You start by entering information about the design in the launch window. Then you can modify the assumed model and specify which effects not included in the model are of potential interest. Based on your specifications, the Design Evaluation platform then provides a number of ways to evaluate the properties of the generated design:

Gives efficiency measures for your design.

An experiment was conducted to explore the effect of three factors (Silica, Sulfur, and Silane) on tennis ball bounciness (Stretch). The goal of the experiment is to develop a predictive model for Stretch. A 15-run Box-Behnken design was selected using the Response Surface Design platform. After the experiment, the researcher learned that the two runs where Silica = 0.7 and Silane = 50 were not processed correctly. These runs could not be included in the analysis of the data.

Use the Evaluate Design platform to assess the impact of not including those two runs. Obtain diagnostics for the intended 15-run design and compare these to the actual 13-run design that is missing the two runs.

Leave your Evaluate Design window for the intended design open.
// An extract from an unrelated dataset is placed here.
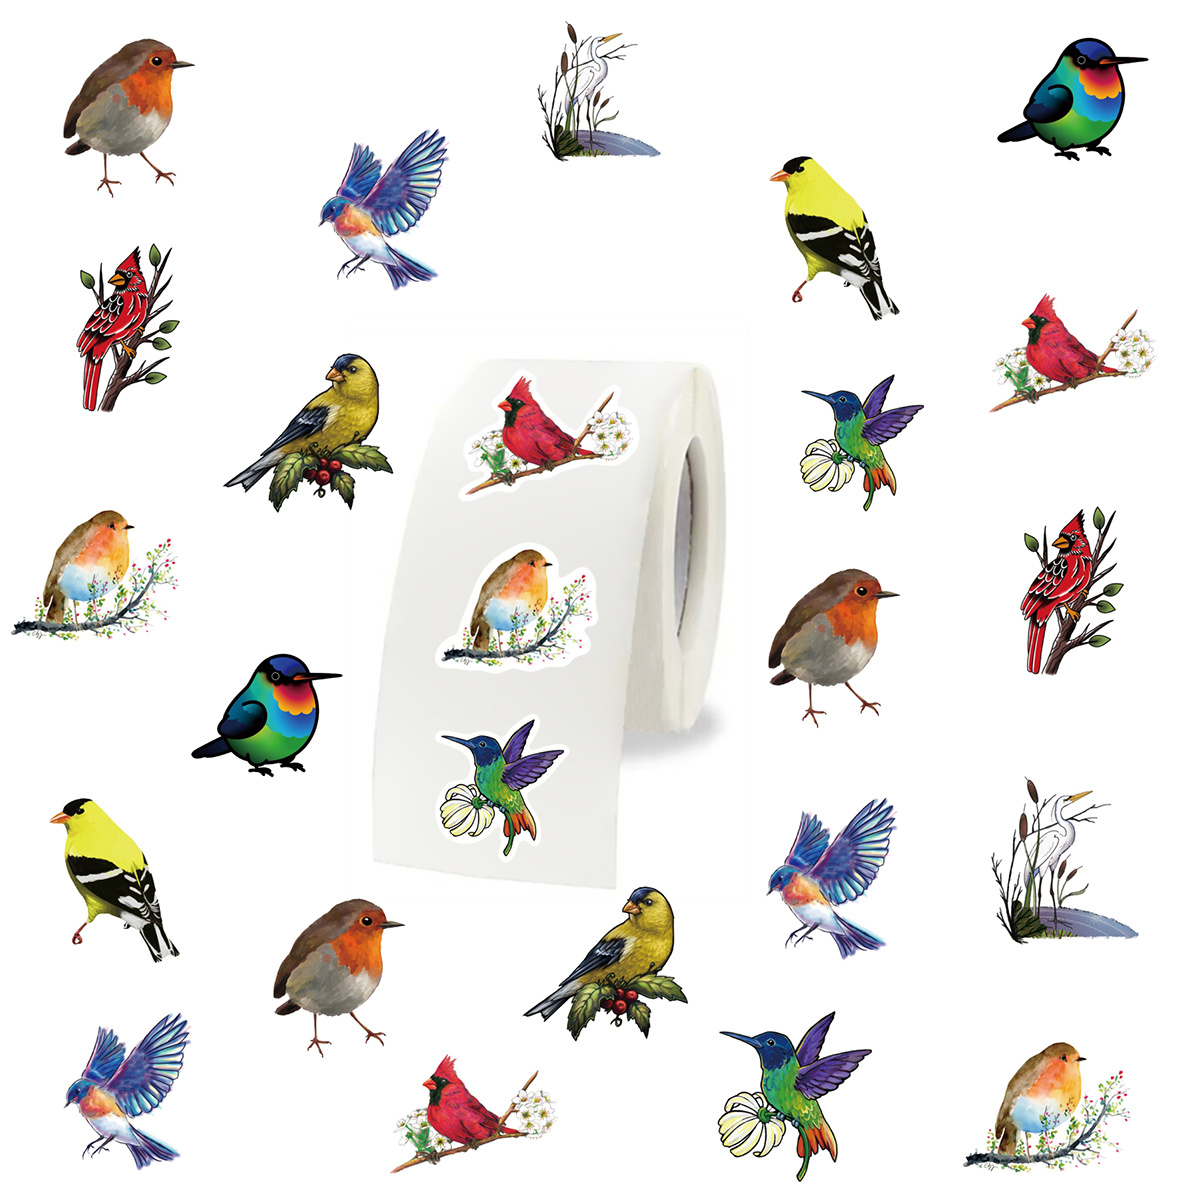 

500pcs Cute Cartoon Bird Animal Series Stickers For Christmas Halloween Party Decorations For Teens Girls Boys For Scrapbooking Envelopes Water Bottles (1inch Labels/ 10 Patterns)

Leave your Evaluate Design window for the actual design open.

Figure 15.2 shows both outlines, with the Design and Anticipated Responses outline closed.

The power values for the actual design are uniformly smaller than for the intended design. For Silica and Sulfur, the power of the tests in the intended design is almost twice the power in the actual design. For the Silica*Sulfur interaction, the power of the test in the actual design is 0.231, compared to 0.672 in the intended design. The actual design results in substantial loss of power in comparison with the intended design.

In each window, open the Estimation Efficiency outline.

In the actual design (right), the relative standard errors for all parameters either exceed or equal the standard errors for the intended design (left). For all except three of the non-intercept parameters, the relative standard errors in the actual design exceed those in the intended design.

The Fractional Increase in CI Length compares the length of a parameter’s confidence interval as given by the current design to the length of such an interval given by an ideal design of the same run size. The length of the confidence interval, and consequently the Fractional Increase in CI Length, is affected by the number of runs. See “Fractional Increase in CI Length”. Despite the reduction in run size, for the actual design, the terms Silane, Silica*Silane, and Sulfur*Silane have a smaller increase than for the intended design. This is because the two runs that were removed to define the actual design had Silane set to its center point. By removing these runs, the widths of the confidence intervals for these parameters more closely resemble those of an ideal orthogonal design, which has no center points.

The absolute values of the correlations range from 0 (blue) to 1 (red). Hover over a cell to see the value of the absolute correlation. The color map for the actual design shows more absolute correlations that are large than does the color map for the intended design. For example, the correlation between Sulfur and Silica*Sulfur is < .0001 for the intended design, and 0.5774 for the actual design.

In each report, open the Design Diagnostics outline.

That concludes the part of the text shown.